Jayne: Is now a good time to talk about U.S. mass shootings?

By Greg Jayne, Columbian Opinion Editor



Greg Jayne, Opinion page editor

How ’bout now? Is now a good time?

After all, it has been three weeks since a lunatic gunned down 58 people while shooting from a hotel room in Las Vegas. Three weeks since Democrats tweeted about gun control and Republicans tweeted about thoughts and prayers. Three weeks since White House press secretary Sarah Huckabee Sanders said, “There will certainly be a time for that policy discussion to take place, but that’s not the place that we’re in at this moment.”

So how ’bout now? Are we at that place yet? Is it time for a policy discussion about why the United States has an epidemic of mass shootings?

I’m guessing the answer from many people is “no.” If the murder of 20 school children and six adults at Sandy Hook in 2012 did not lead to substantive discussion, the odds are that nothing will. Think about that: This country saw 20 first-graders killed in their school and still could not muster the courage to have a debate about what causes such carnage. As a prominent statesman and amateur philosopher would say: Sad!

And so, the echoes of Las Vegas have subsided, already relegated to history and a status of infamy as the deadliest mass shooting in modern U.S. history.

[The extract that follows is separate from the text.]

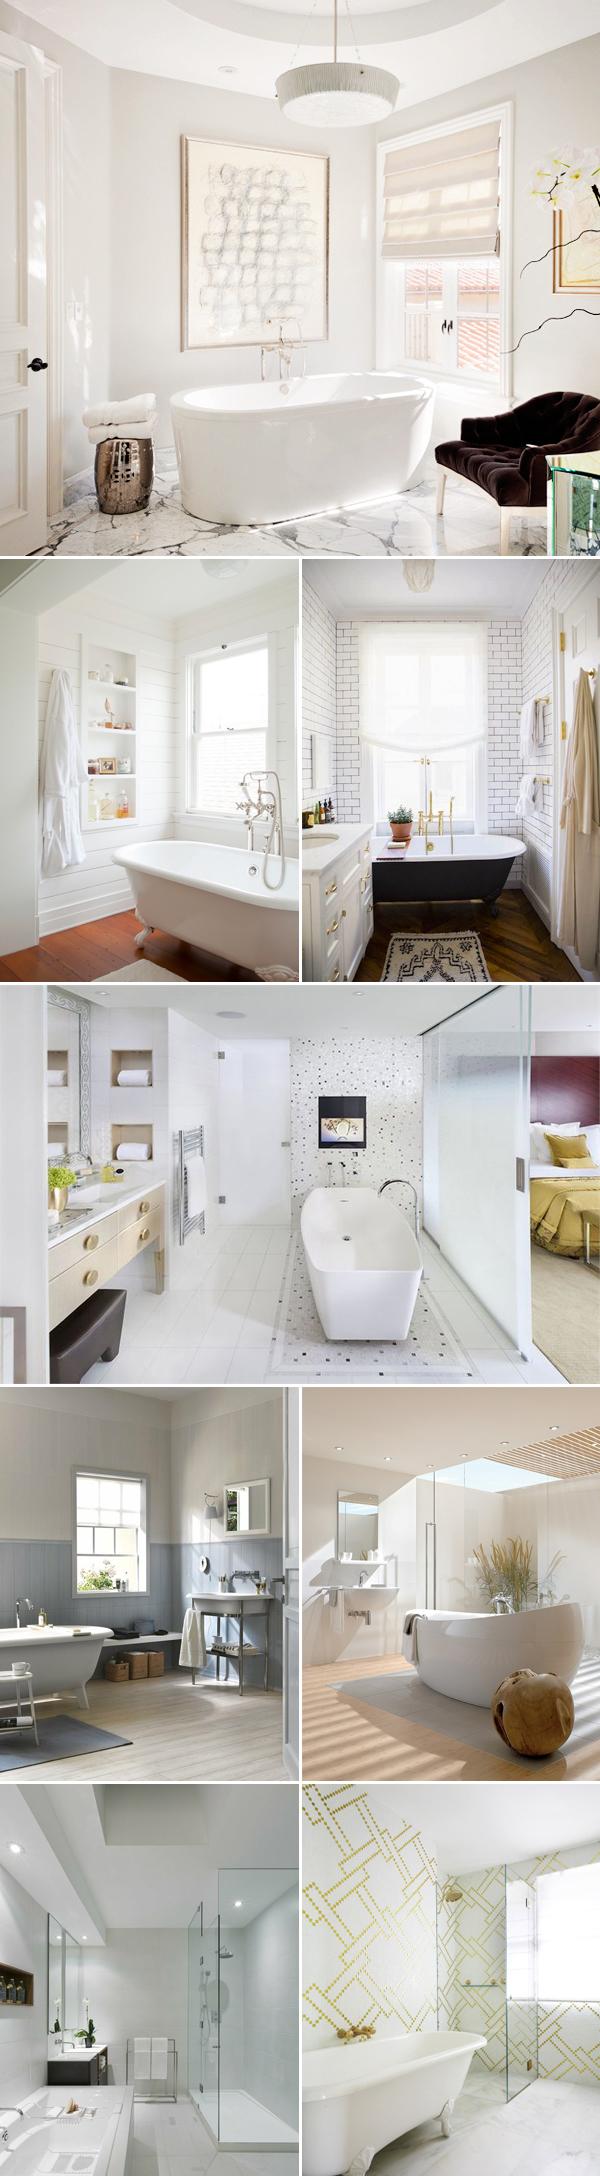 bathroom01-simple

Maybe this desire to ignore that situation is understandable. After all, President Trump has been busy tweeting about NFL players taking a knee and about tax reform and about what he did or did not say to a Gold Star widow. And when he isn’t sending out tweets, he’s busy golfing.

These things, apparently, are of the utmost importance. These things, apparently, deserve more of our attention than gun control or mental health care or a culture in which mass murder is regarded as the cost of freedom.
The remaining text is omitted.